Real Estate Blog: The mini-budget with a big impact: The effect of the latest Government measures on the social housing sector in the midst of austerity
The notion that “everyone has the right to safe, decent, affordable housing” has been recognised as a human right since 1948, but it is hard to believe that the UK still lacks genuinely affordable homes that are energy efficient, truly affordable to run, and easy to maintain.
For me personally, this is one of the main reasons I chose a legal career in social housing and development and why I have recently moved to Freeths to join up with their amazing Social Housing department. Having seen first-hand the hardships faced by those most in need, I wanted to become part of the solution to the housing crisis by using my legal experience, commercial awareness and background in property to help deliver housing to those that need it most.

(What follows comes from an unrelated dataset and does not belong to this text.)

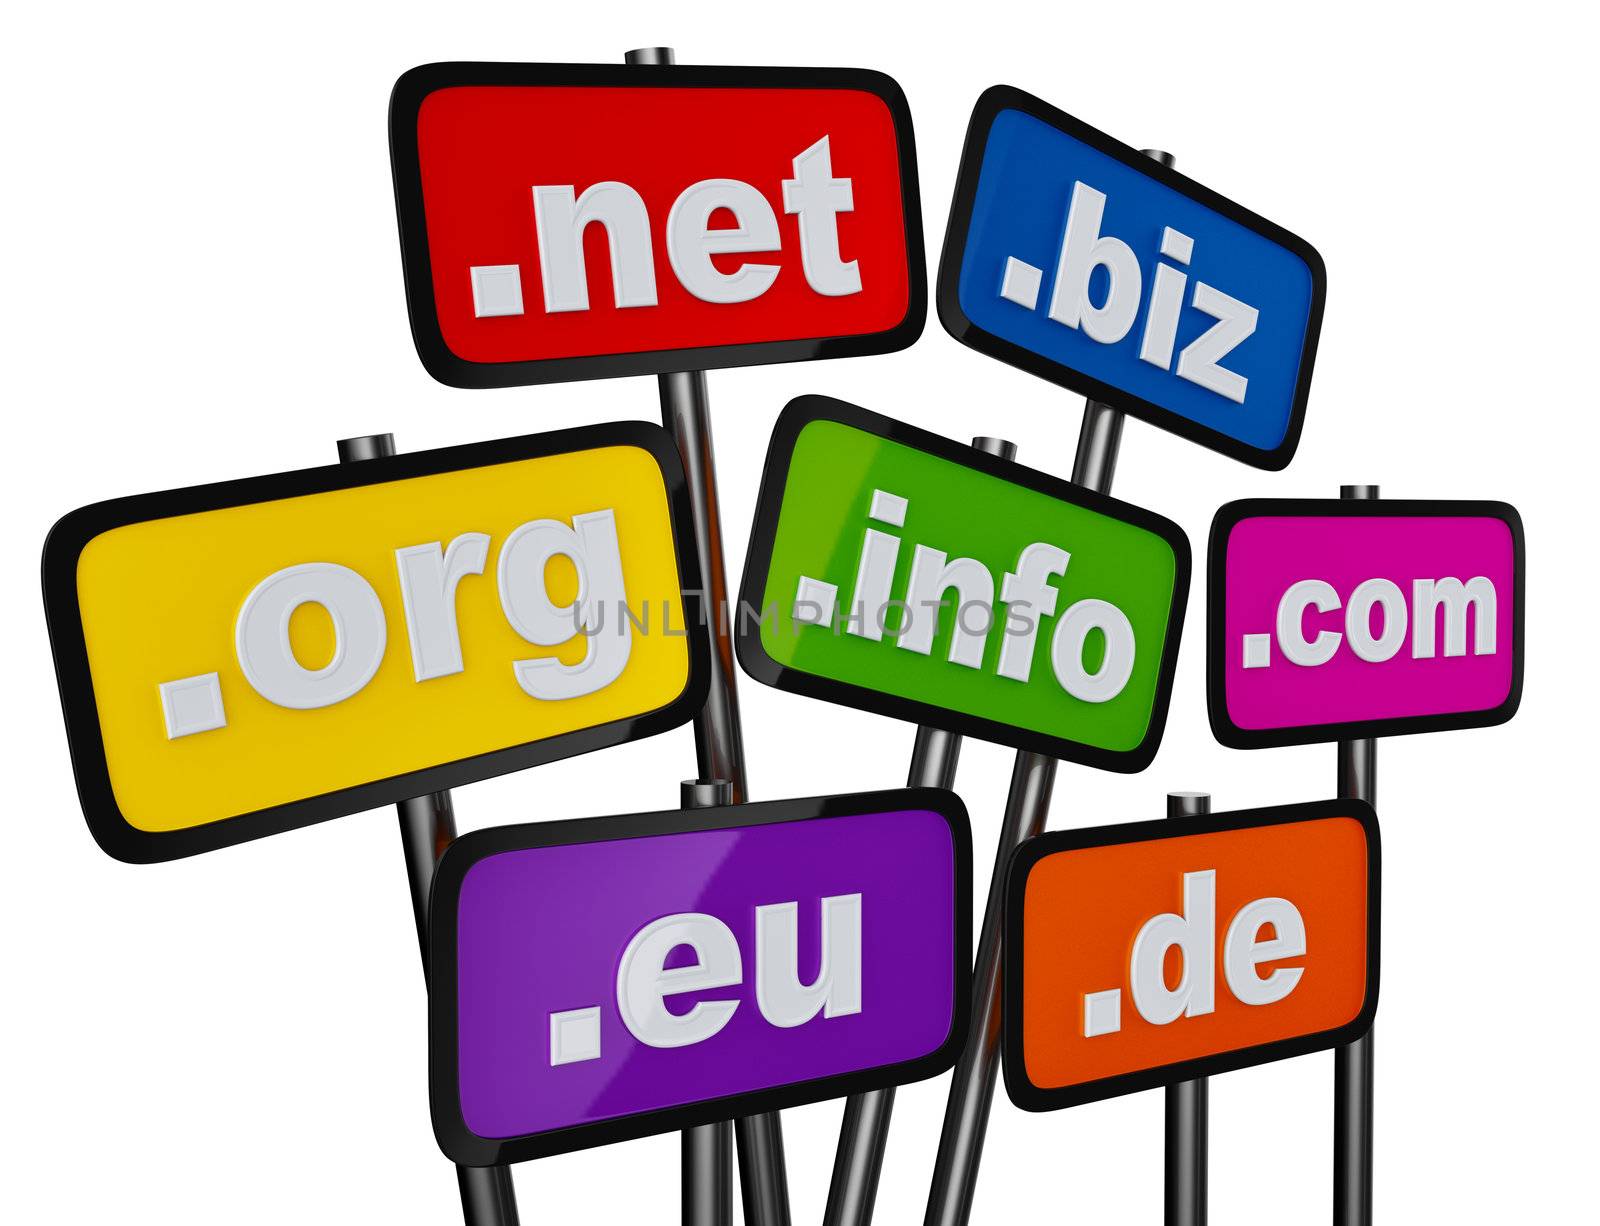 Set of signs with domains as buttons for searching in the Internet and social networks on a white background

The Government’s “mini-budget” was released on 23 September, and its impact seems to have been anything but small. Since the announcement, there has been widespread criticism with many worried about state benefits being cut further and the impending October energy price rises. It is estimated that by Spring 2023, more than 60% of households will go into fuel poverty as the UK continues its downward economic turn.
So what effect might this have on the social housing and development sector?
We are currently seeing some stark economic forecasts – the value of the pound has plummeted in recent weeks and businesses and consumers will continue to face exceptionally high costs as inflation looks set to spiral upwards in late 2022 / early 2023. Goldman Sachs are predicting that inflation could even peak above 22% in 2023. Inflation of around 23% has been typical for construction products in recent months and this is set to rise even further as we move into next year.
For housing associations and registered providers, this means navigating even more cost pressures associated with the construction of affordable homes. As housing associations and registered providers become more ‘resident-orientated’ with their affordable schemes, this can in turn increase labour and materials costs where green initiatives and specific adaptations for disabled or elderly tenants might be a requirement.
The knock-on effect to first-time buyers and those in need of affordable homes could also be devastating should any of these additional construction costs render certain sites unsustainable for affordable development. As the UK continues its downward economic turn it is estimated that by Spring 2023 more than 60% of households will go into fuel poverty (where the cost of keeping their home warm pushes their residual income below the poverty threshold). This quite simply defeats the object of what the social housing sector and its registered providers are trying to achieve in creating homes for all.
Has there been any benefit to the social housing sector as a result of the mini budget?
In short, yes. We have all heard the news of a permanent change in SDLT thresholds which I am sure will come as great relief to those looking to take their first step onto the property ladder. It is hoped that this tax cut will continue to create an appetite for housing stock as we navigate these uncertain waters through the current recession.
The mini-budget also announced “The Growth Plan” – a major package of over 30 measures to tackle high energy bills, drive down inflation and cut taxes to drive growth and development.
It is understood that the housing sector will benefit from new ‘Investment Zones” across a number of localities. Each Investment Zone will offer targeted and time-limited tax cuts for businesses, backing them to increase productivity and create new jobs. This could encourage investment in new shopping centres, restaurants, apartments and offices – creating thriving new communities.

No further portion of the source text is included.